» **DATA SECTION**
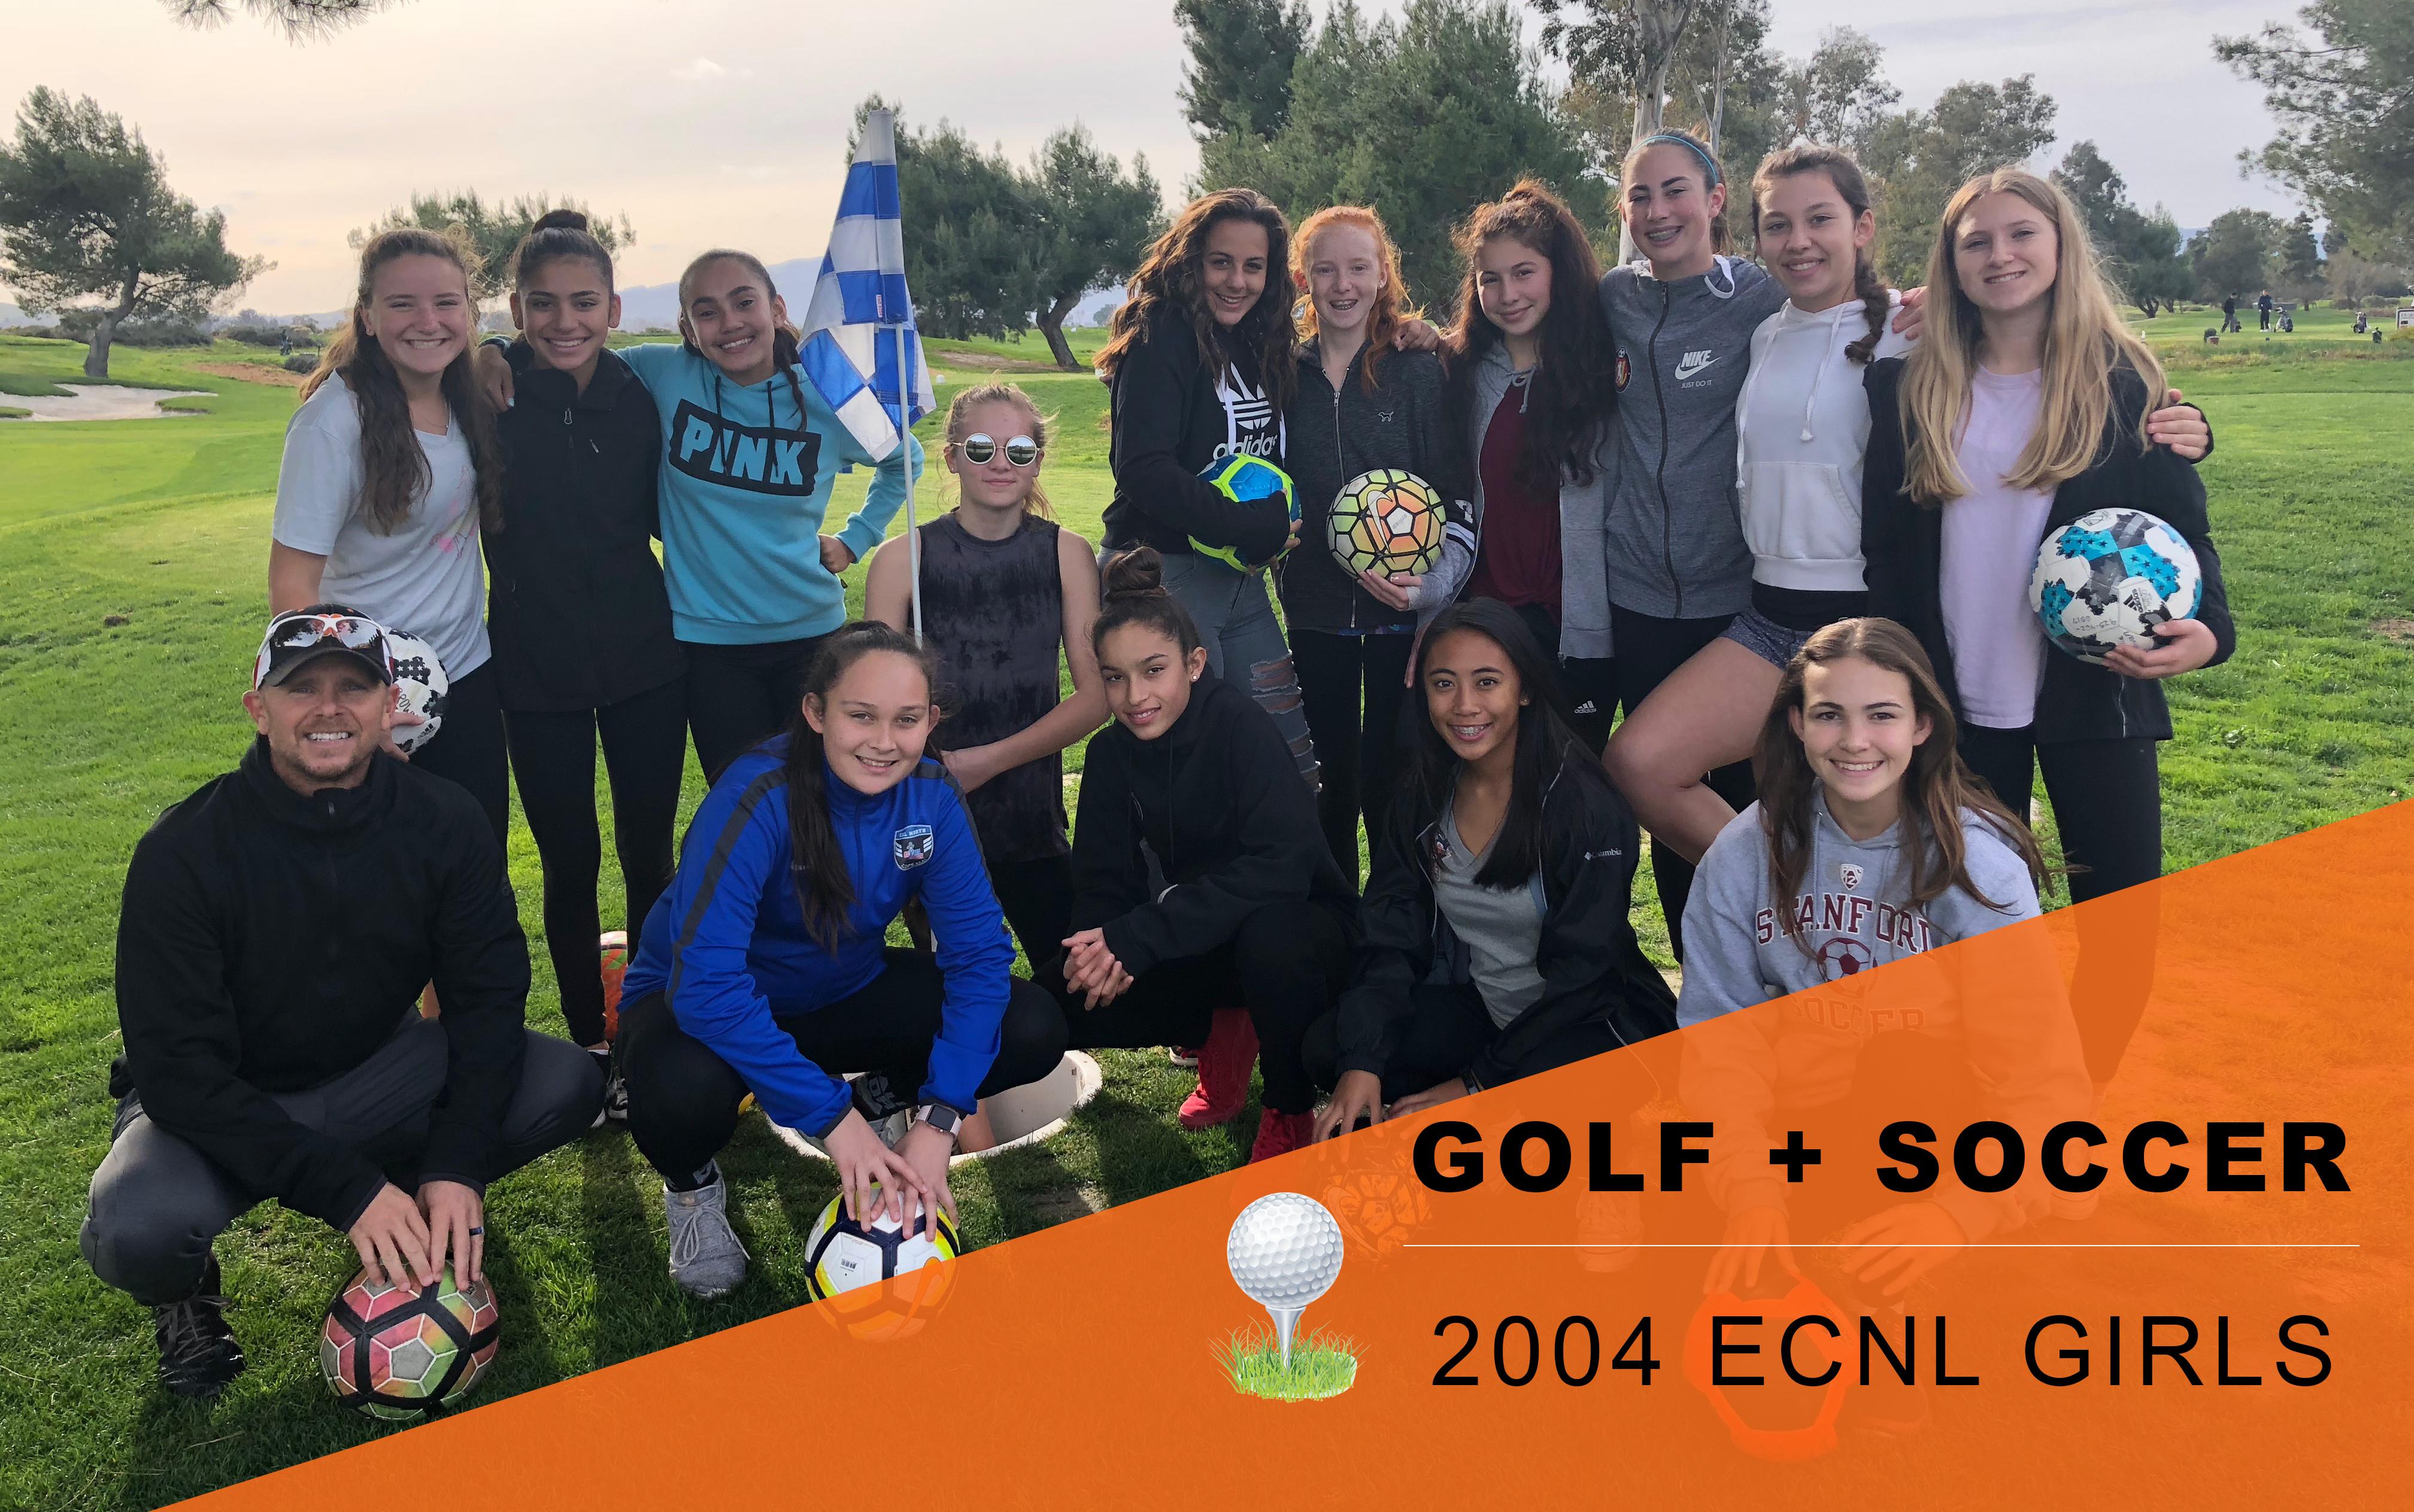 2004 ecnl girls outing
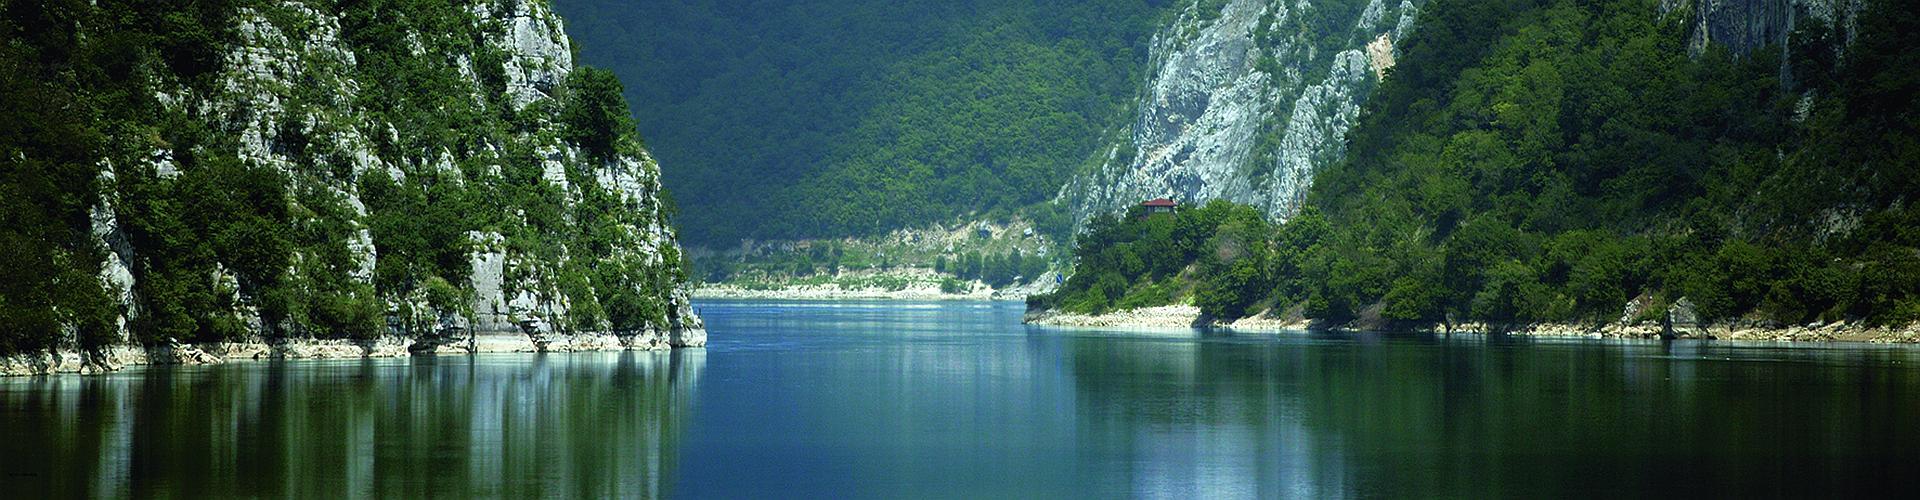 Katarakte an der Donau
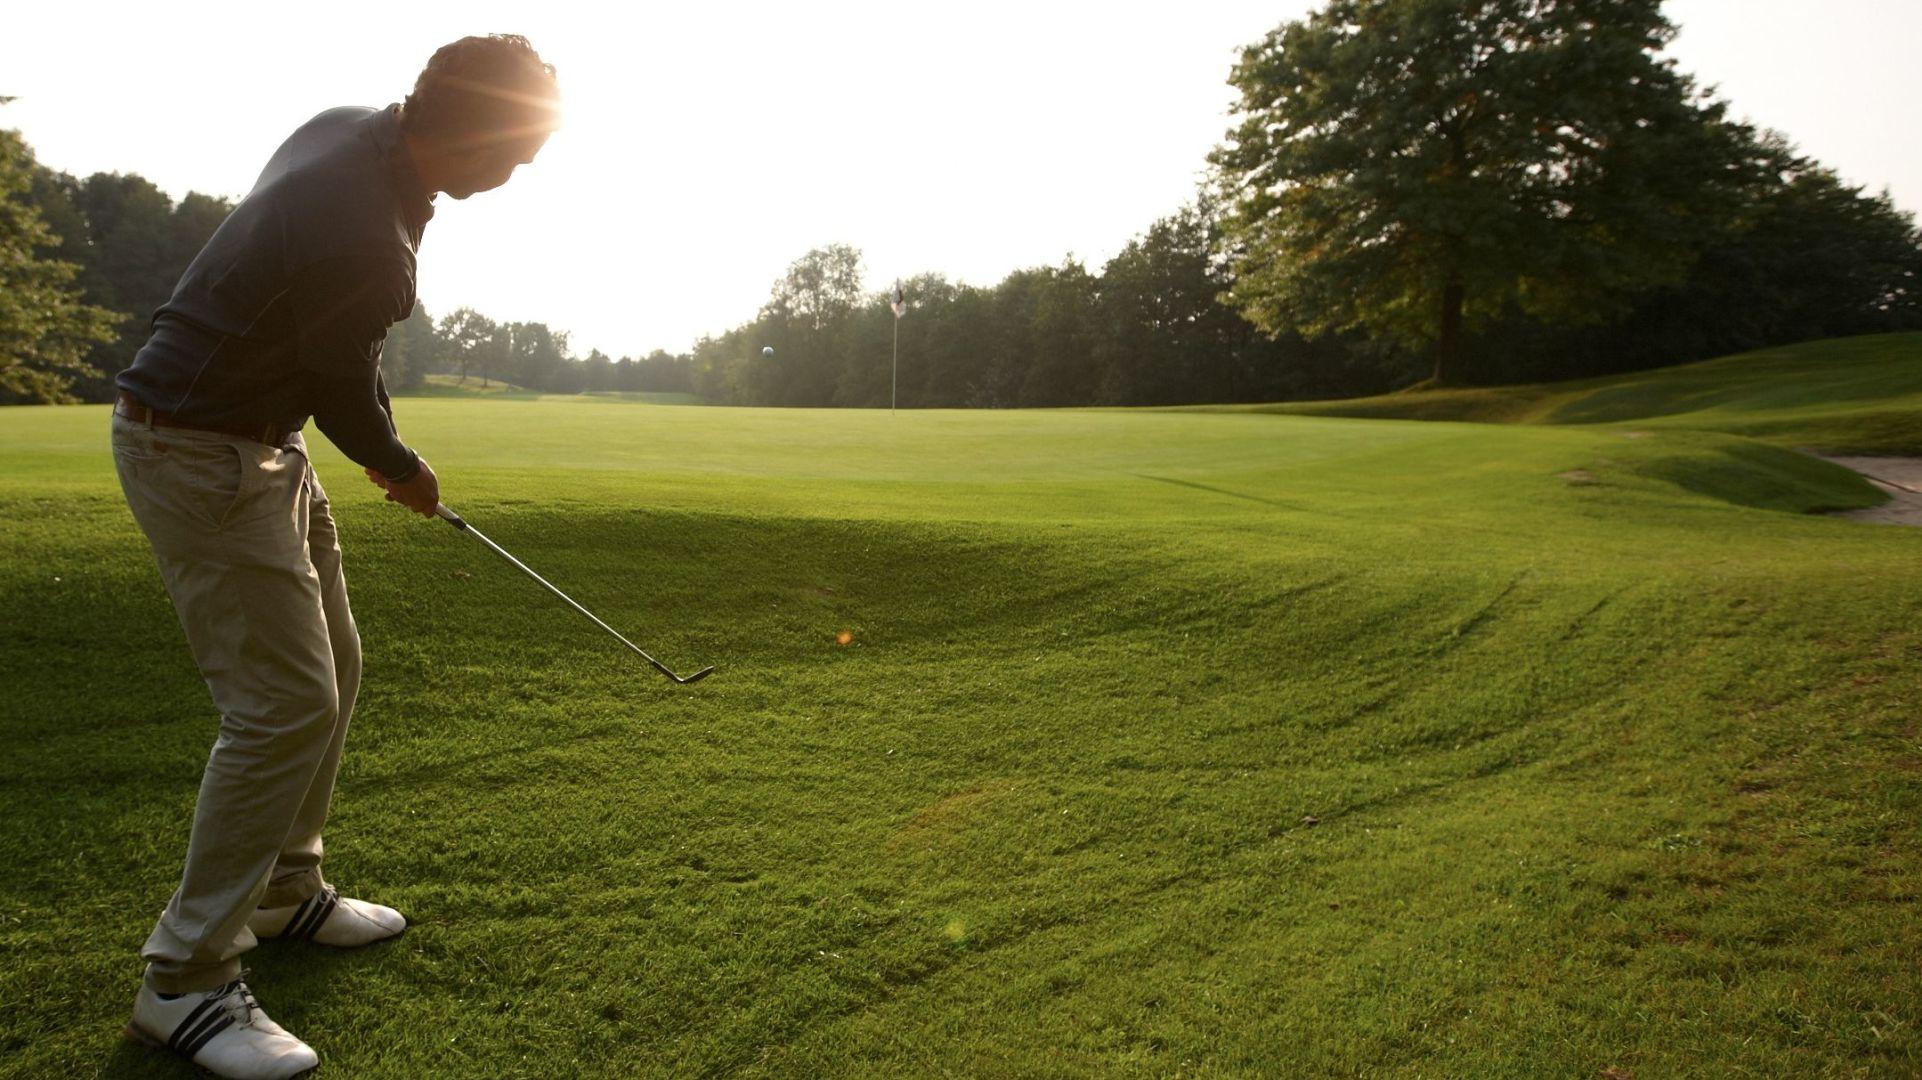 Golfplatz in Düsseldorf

» **DIRECTIONS**
In the listing, find the line containing "Katarakte an der Donau" and repeat it and every later line through the last one, word for word, excluding the pictures.

» **TASK RESPONSE**
 Katarakte an der Donau
 Golfplatz in Düsseldorf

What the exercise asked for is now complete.